27 The display manned by safety personnel has pieces of Trinitite from the test explosion and “items that show radiation in other settings from later years—radium dials on old watches and clocks, the glaze in red Fiesta wear from decades ago, etc.” Monte Marlin, White Sands Missile Range, June 29, 2007.

28 “Haraiso” in the original, from the Portuguese “Paradiso,” as written by early Japanese Catholics.

29 The poet was one year junior to the author at the girls' school. She sent this poem in a letter to the author.

30 In his commentary included in volume 6 of the Collected Works (Hayashi Kyōko zenshū, 2005), the critic Kuroko Kazuo quotes an earlier version of the ending, which refers to the deaths of two victims of the Tōkai-mura nuclear accident (see 18 above) instead of the death of a Nagasaki survivor.

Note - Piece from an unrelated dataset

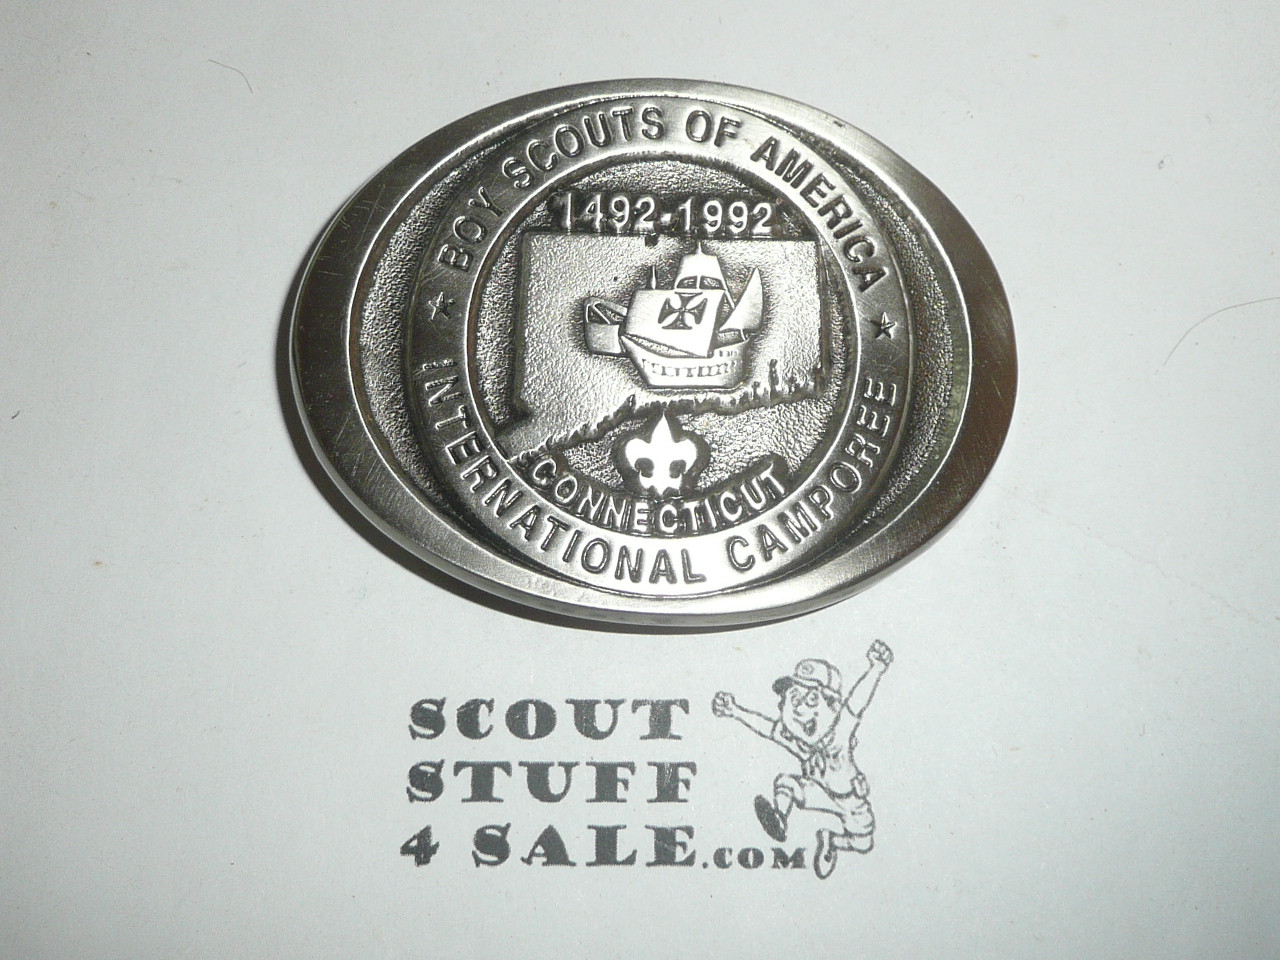 Boy Scout of America International Jamboree Belt Buckle, Conneticut, 1992

He suggests that, by the name Rui, “it is natural to consider that the author deliberately implies humanity.” Written phonetically in katakana throughout the story, the name shares the same sounds with the kanji rui in jinrui (humanity). Kuroko's point is consonant with the characterization of Rui as “one to always start by questioning daily life then moving on to the larger questions facing countries and the world” (p. 156). “What are your thoughts?” This final line is at once the narrator's question to her friend and one the author poses to humanity.